저자는 WireServer/IMDS를 “걸어 다니는 보안 취약점(walking security liability)” 으로 규정하고, 이 서비스를 노드에서 완전히 제거해 퍼스트파티 클라우드 서비스로 분리 운영해야 한다고 권고했다. 이 권고는 저명한 보안 아키텍트(위협 모델링 관련 베스트셀러의 저자인 VP 레벨 인사)도 동의했다. 하지만 팀 리더십은 강하게 반발했고, 얼마 후 저자는 해고됐다.


5부 — 근본 원인과 처방: 구조적 해법이 외면당하다

나비 효과: 내부 결함이 외부 위기로

저자는 5부에서 사태의 전체 인과관계를 다시 정리한다. Azure는 처음부터 격렬한 경쟁 압박 아래 급하게 출시됐다. 기본 원칙들이 조용히 포기됐다. “결함은 사람이 직접 고친다”는 원칙이 묵인에서 공식 전략으로 격상됐고, 이것이 대규모 연방 클라우드 계약을 따내는 데 활용됐다.

그 결과:

  • 수동 개입(JIT 요청)은 일상화됐다.
  • OPEX 팀과 지원 엔지니어들이 시스템의 특권적 부분에 접근하는 빈도가 폭증했다.
  • 정부 클라우드 단독으로도 월 수백 건의 수동 개입이 이뤄졌으며, 훨씬 큰 규모의 상업용 클라우드 전체로 확대하면 그 수는 비교할 수 없이 많아진다.
  • 용량 한계 근처에서 시스템이 어떻게 작동할지는 아무도 모른다. 대규모 위기 상황에서 많은 고객이 갑자기 증가된 용량을 요구한다면, 결과는 재앙에 가까울 것이다.

저자의 처방: 컴포넌트화와 점진적 현대화

저자는 해고되기 전까지 여러 구조적 해법을 제안했다.

가장 핵심적인 아이디어는 컴포넌트화(componentization) 를 통한 점진적 현대화다. 원리는 간단하다. 기존 코드의 특정 섹션을 선택해, 테스트가 충분히 이루어지고 독립적으로 검증된 소규모 컴포넌트로 교체한다. 기존 코드 섹션을 삭제하고 그 자리에 새 컴포넌트 호출을 넣는다. 이를 반복하다 보면 결국 레거시 컴포넌트들은 새것을 호출하는 뼈대만 남게 된다. 이 방식은 운행 중인 시스템에 최소한의 충격을 주면서 현대화를 달성할 수 있다.

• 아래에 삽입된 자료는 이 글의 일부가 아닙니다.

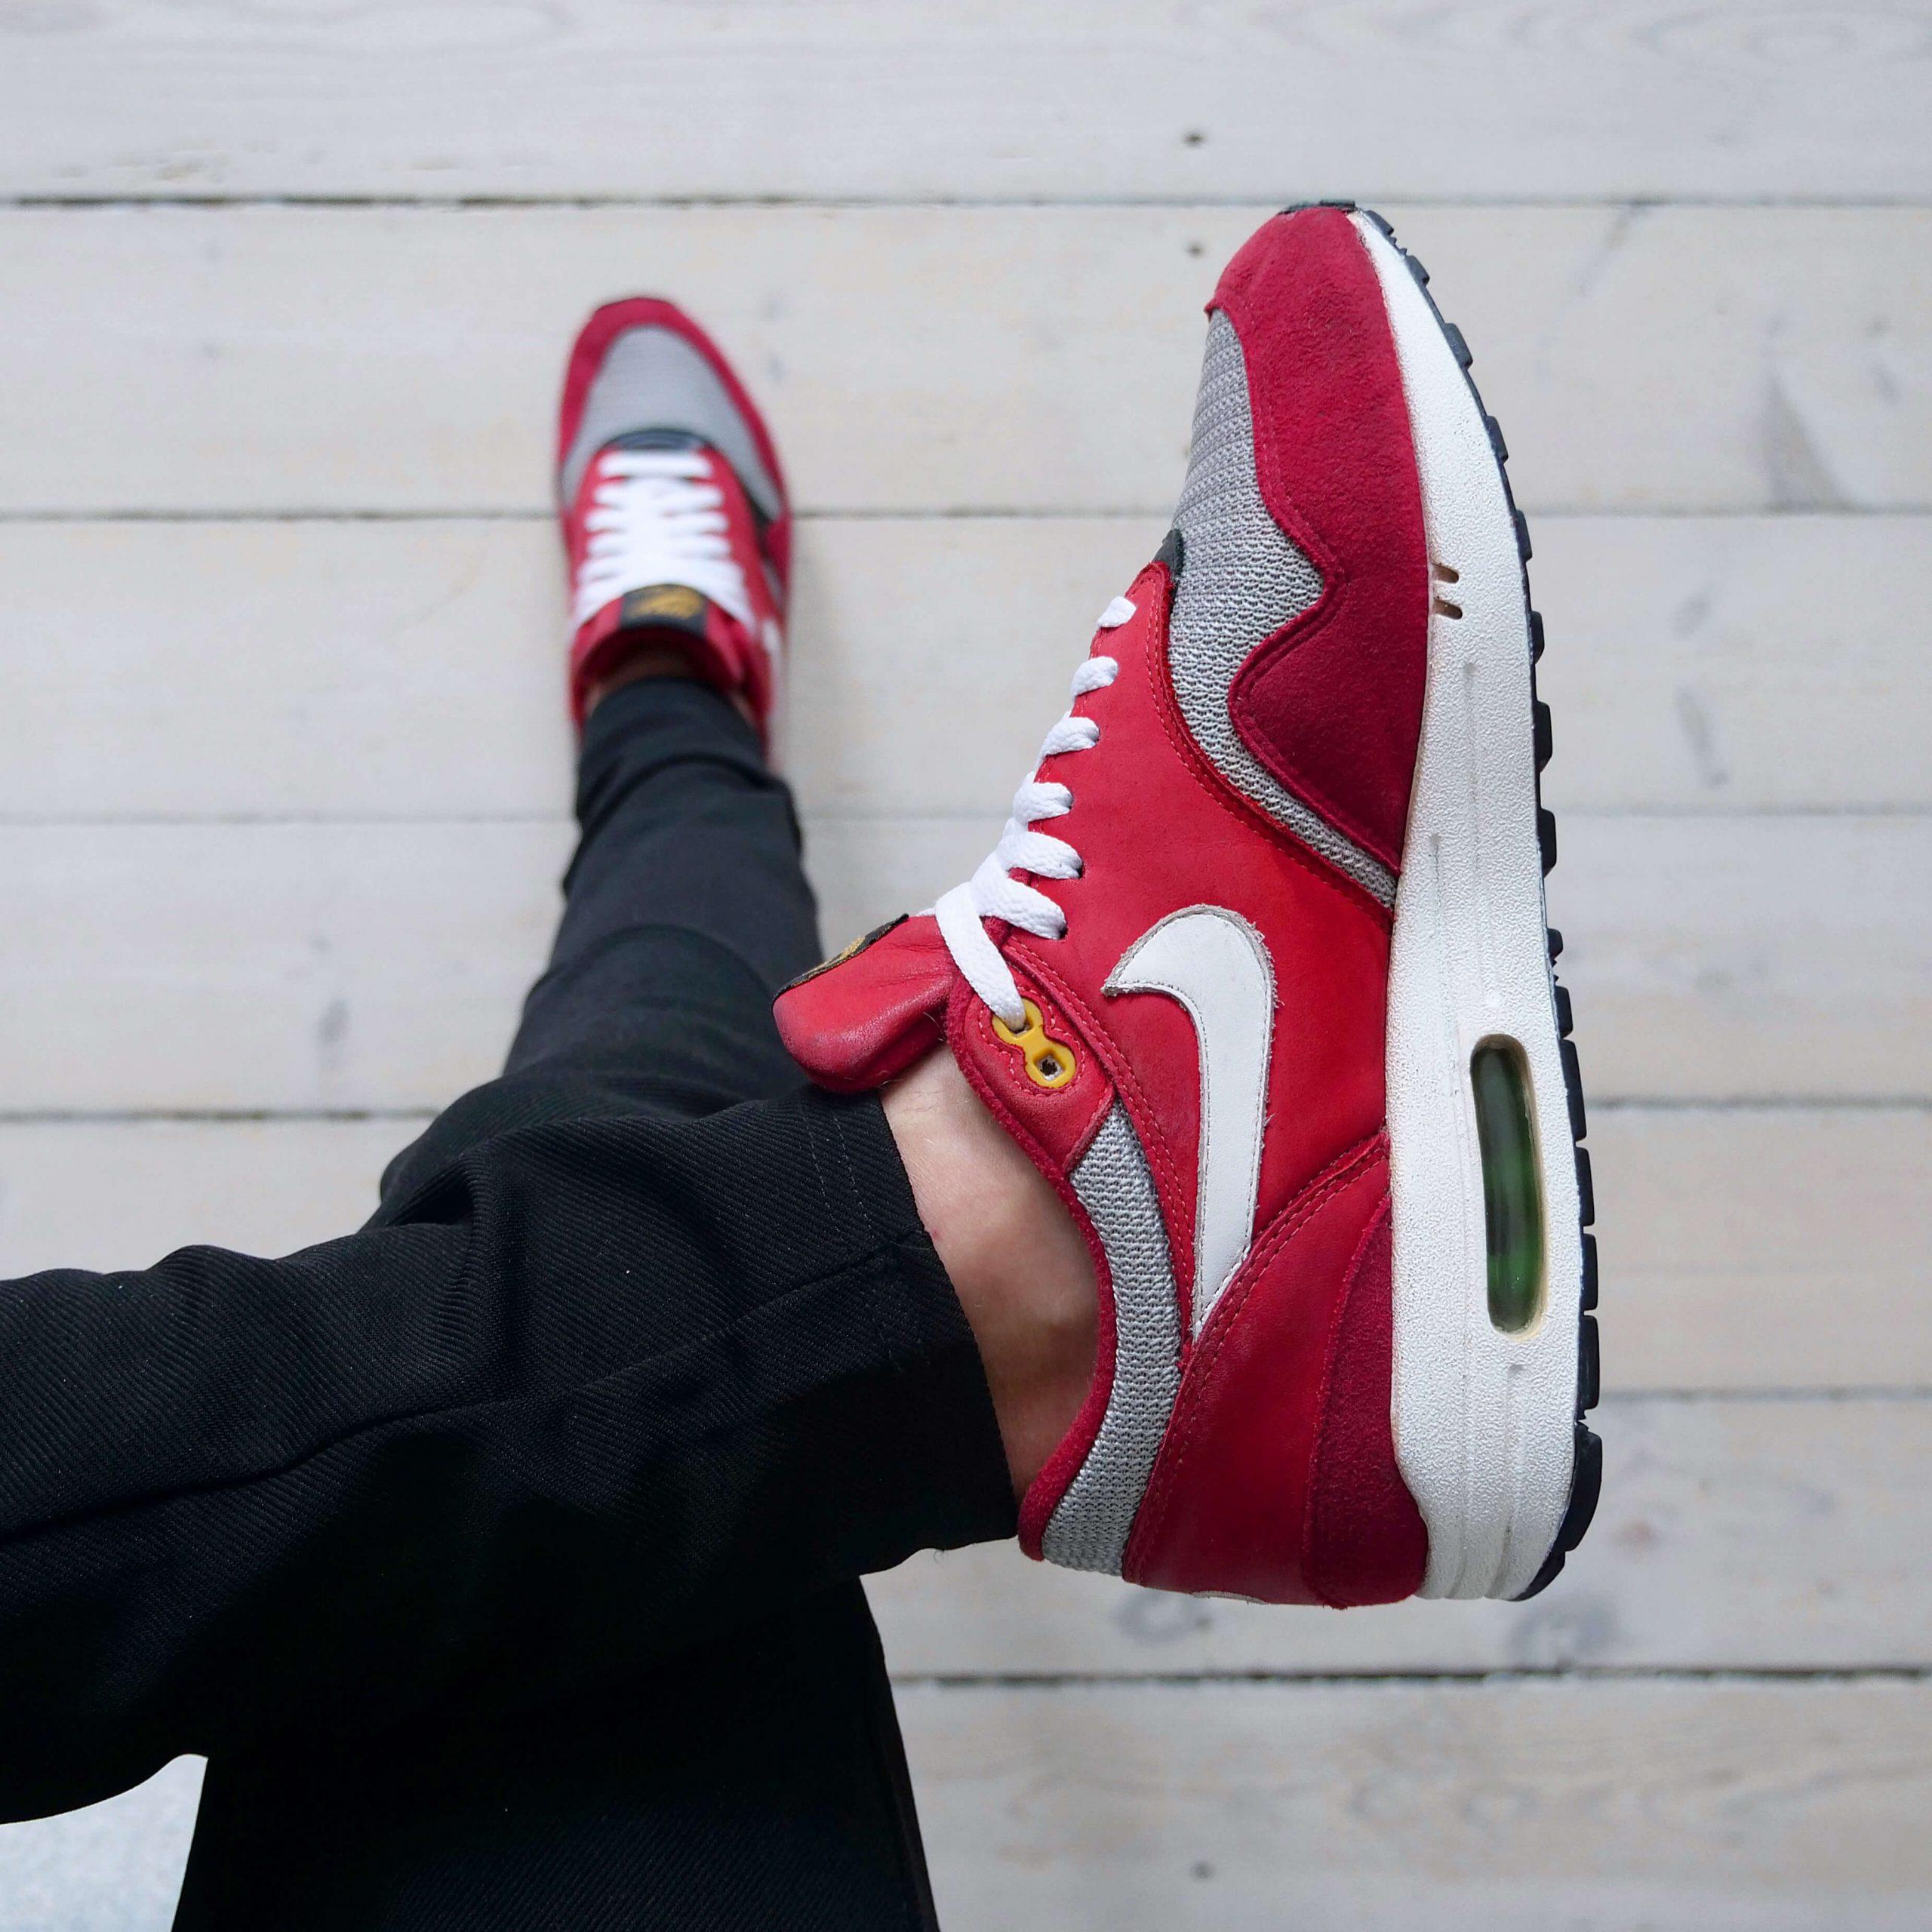 Busterhede - Nike Air Max 1 Urawa - sneakerfreak Sneakerplaats interview

구체적으로 그가 구현하기 시작한 것들이 있었다. 클라우드 규모에서 신뢰성 있게 동작하는 파일 대량 삭제 솔루션, 테넌트 데이터를 분리 저장하는 암호화 LRU 캐시, Windows와 Linux 양쪽에서 동작하는 크로스 플랫폼 컴포넌트 모델, 그리고 게스트·호스트·SoC 간 에이전트들이 자유롭게 통신할 수 있는 새로운 메시지 버스 시스템이 그것이다.

또한 OpenAI의 베어메탈 노드를 위한 PM 스펙을 읽고 그들의 요구사항을 충족하기 위한 새로운 계획도 수립했다. Overlake 카드 자체의 하드웨어 확장이 필요한 부분을 도면으로 그려 기술 펠로우에게 전달하기도 했다.

하지만 이 모든 제안은 Azure Core 중간 관리층의 냉소와 반발에 부딪혔다. 그들의 눈에는 컴포넌트화 전략이 익숙한 ‘불 끄기’ 작업 방식에 도전하는 불편한 변화로 보였을 것이다.


6부 — CEO·이사회에 보낸 편지, 그리고 침묵

경영진에게 보낸 일련의 경고

저자는 내부 설득이 한계에 부딪히자 경영 사다리를 타고 위로 올라가기 시작했다.

2024년 11월 19일, 그는 Cloud + AI 담당 부사장(EVP)에게 상세한 편지를 보냈다. 기술적 발견 사항을 전부 기술하고, 리더십 공백을 지적하며, 근본 원인 해결을 위한 구체적인 제안을 담았다.

2025년 1월 7일, 그는 CEO 사티아 나델라에게 더 간결한 요약본을 보냈다. 국가 안보와 핵심 사업에 대한 잠재적 위험을 첫머리에 제시하고, Azure 노드 스택의 핵심 문제들과 조직의 과제를 압축해 전달했다. 아울러 자신이 Azure 노드 관리 레이어의 제로베이스 재설계를 주도할 준비가 되어 있다고 밝혔다.

아무런 응답이 없자 그는 법인 비서를 통해 마이크로소프트 이사회에도 편지를 보냈다. 이전 편지들에 대한 무응답을 언급하고, CEO에게 보낸 내용을 첨부하며, OpenAI의 이탈 조짐이 사전 경고를 무시한 결과로 볼 수 있다고 적었다.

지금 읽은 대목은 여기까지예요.